Tina McKenzie, policy chair at the Federation of Small Businesses said: 

"Business rates are one of the absolute worst taxes faced by small firms. Size matters when it comes to rates, and the Chancellor is absolutely right to have concentrated his firepower on helping the smallest firms at the heart of so many communities." 

Kate Nicholls, chief executive of trade body UKHospitality, said the move to freeze the small business multiplier "will help those most vulnerable keep the lights on".

But she also pointed out that standard multiplier rising by 6.4% will see businesses representing almost two-thirds of the sector’s trade still facing a £150 million rates hike. 

She added: "This will only put more pressure on consumer prices and inflation, at a time when businesses are still grappling with high costs of energy, food, drink and wages." 

The British Property Federation's Melanie Leech told the London Evening Standard:

“Measures to provide relief for small businesses are welcome but only scratch the surface. The Chancellor should have gone further and frozen the multiplier for all businesses to prevent the unsustainable burden on the high street rising even higher.”
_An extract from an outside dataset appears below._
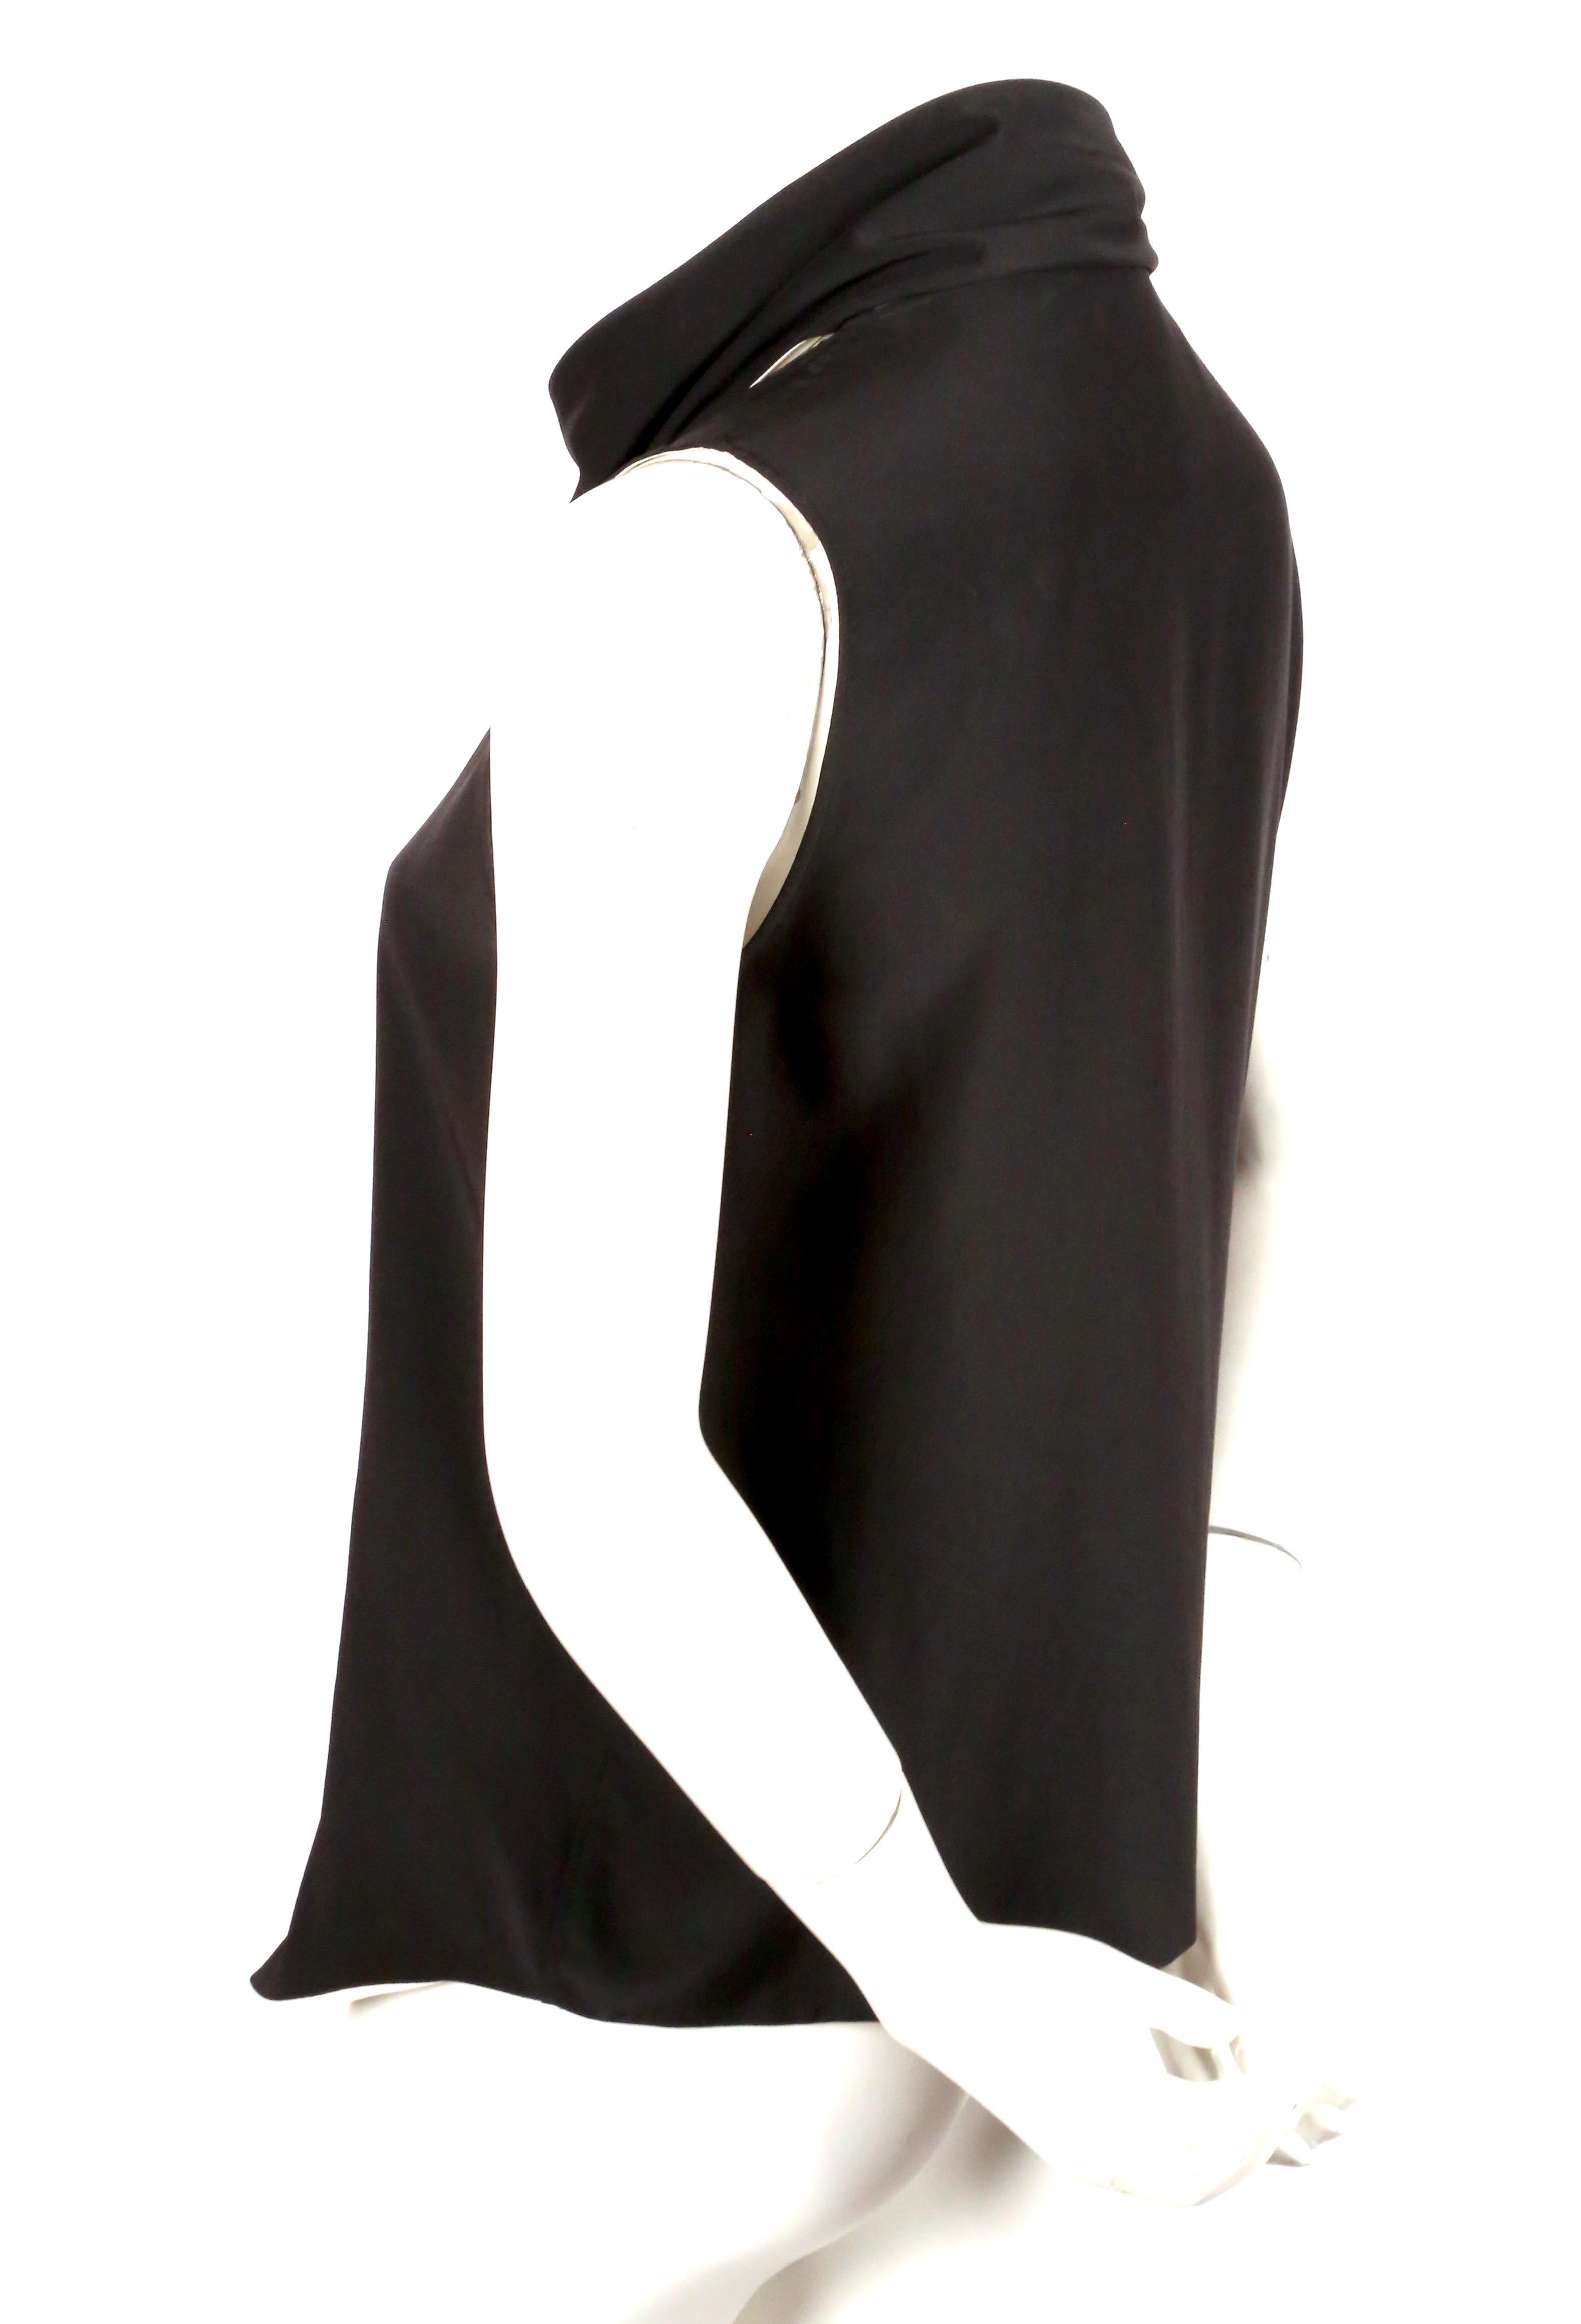 Black and cream silk top with draped wrap scarf neckline designed by Phoebe Philo for her first collection for Celine - Resort 2010. French size 36. Measures approximately: 14

Paul Martin, UK head of retail at KPMG, commented on the decision to reduce the personal tax burden saying it “offers some positive news for the retail sector, at a time when consumer confidence is low, and households are reining in spending on the high street. Whilst the reduction in national insurance contributions will help put more money in the pockets of some households, it will do little to help the burden on lower income families or reduce the high food inflation levels that they are facing, and I would expect consumers to remain cautious around non-essential spending in the medium term.

“Labour costs and a shortage in workers remains a big challenge for the retail sector, and whilst most larger supermarkets are already paying around the new living and minimum wage rates announced today to get the best people into roles, it is an additional cost burden facing smaller, independent retailers at a time when consumer demand is softening. What retailers would have liked to have seen is some final decision on the reform of business rates – a key issue that has been kicked down the road for too long.  Smaller and independent retailers were thrown a lifeline with the extension of the 75% business rates discount for a further year, but the uncertainty around one of their biggest costs as they navigate challenging economic times would have been much welcomed today and is an issue that can’t be put off for much longer.”